DOCX export: the semantic backend
June 10, 2026 · View on GitHub
PDF is GraphCompose's fixed-layout output — every fragment lands at exact coordinates. DOCX is different on purpose: it is a semantic export that walks the document graph and writes editable Word content, skipping the layout pass entirely (no per-page pagination, no PDF chrome). Use it when the recipient needs to edit the document; use PDF when pixels must match.
Exporting a session
import com.demcha.compose.document.backend.semantic.DocxSemanticBackend;
try (DocumentSession document = GraphCompose.document()
.pageSize(595, 842)
.margin(DocumentInsets.of(36))
.create()) {
document.pageFlow().name("Flow")
.addParagraph(p -> p.text("Hello Word"))
.addTable(t -> t
.columns(DocumentTableColumn.auto(), DocumentTableColumn.auto())
.row("R1C1", "R1C2"))
.build();
byte[] docx = document.export(new DocxSemanticBackend());
// or write straight to disk:
document.export(new DocxSemanticBackend(), Path.of("out/report.docx"));
}
export(backend) returns the DOCX bytes and also writes the session's
default output file when one was given to GraphCompose.document(path);
the two-argument overload targets an explicit path.

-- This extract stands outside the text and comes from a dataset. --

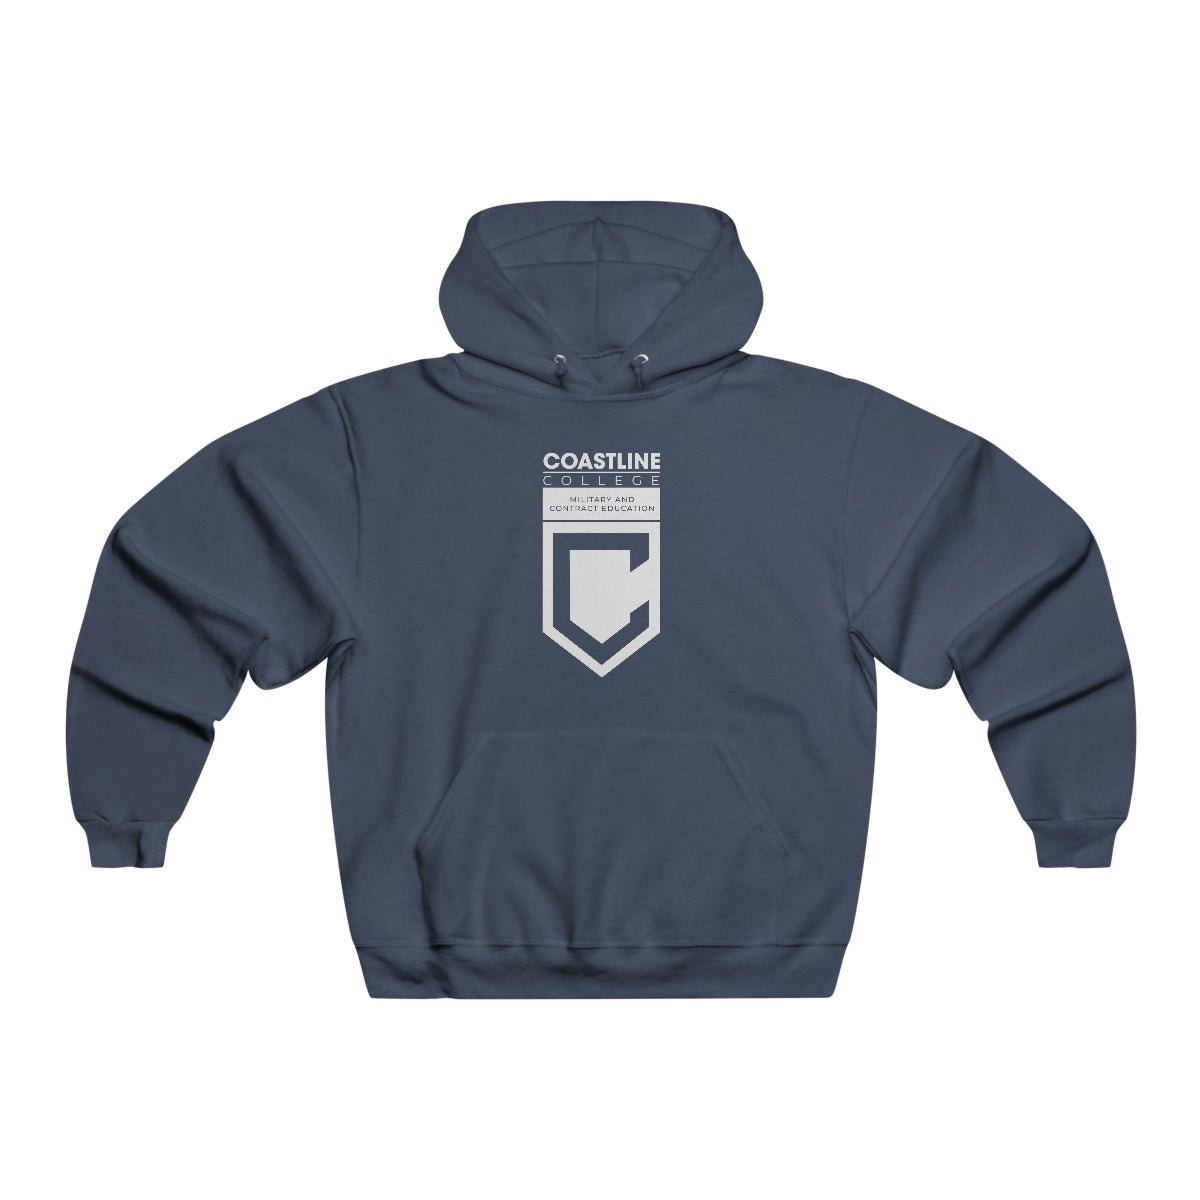 Coastline Military & Contract Ed Men's NUBLEND® Hooded Sweatshirt

Dependency note: the backend requires org.apache.poi:poi-ooxml on
the classpath. GraphCompose declares it optional in its POM, so
consumers who export DOCX must add it explicitly — consumers who only
render PDF carry no POI footprint.
What maps 1:1
| Document node | DOCX output |
|---|---|
| Paragraphs | Word paragraphs with alignment, font, size, colour, bold/italic/underline; inline runs preserved |
| Lists | Marker-prefixed paragraphs in the list's text style; nested items indent per depth and keep their own markers |
| Tables | Word tables, one cell per cell |
| Images | Embedded pictures at the node's declared size |
| Rows | A one-row table, so editors keep the side-by-side layout (cell content limited to atomic children) |
| Sections / containers | Children written in order |
| Spacers | Empty paragraphs carrying the vertical gap as spacing-after |
| Page breaks | Explicit Word page breaks |
Page geometry (size and margins) and session metadata (title, author, subject, keywords) carry into the Word document as well.
What falls back
- Charts → data table. The semantic export has no layout pass, so a chart's compiled vector geometry does not exist here. Its semantic content is its data, so the backend writes a categories-by-series table (values formatted with the chart's own axis format) and logs one capability warning per export. See charts.md.

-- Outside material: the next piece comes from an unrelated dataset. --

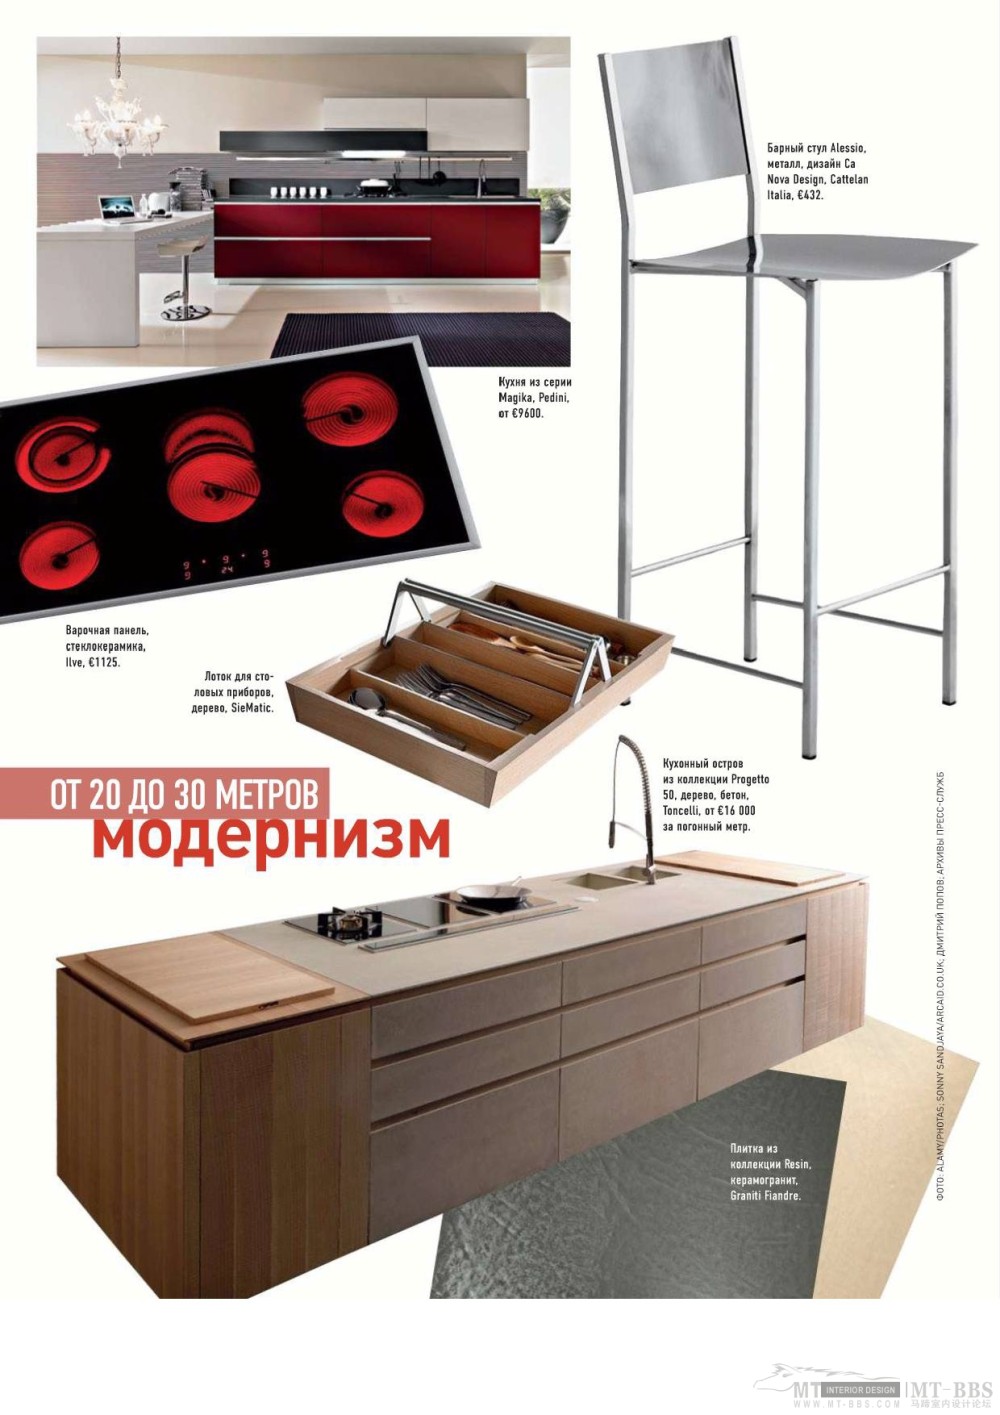 《AD Russia》2010-09(国外陈设设计杂志)_AD Russia 2010-09MT-BBS-260.jpg

- Shape containers → inline layers. DOCX has no portable equivalent of a graphics-state path clip, so the container's layers are written inline, in source order, without the outline frame and without clipping — again with one warning per export.
What is skipped
Lines, ellipses, standalone shapes, and barcodes are silently skipped — they are pure fixed-layout geometry with no semantic equivalent. Headers/footers, watermarks, and protection options are also ignored by the current exporter.
The rule of thumb: if the document leans on geometry — shapes, layered designs, precise placement — export PDF for the reader and DOCX only as an editable companion.
Round-trip coverage (paragraphs, tables, metadata, chart fallback) lives in
DocxSemanticBackendTest.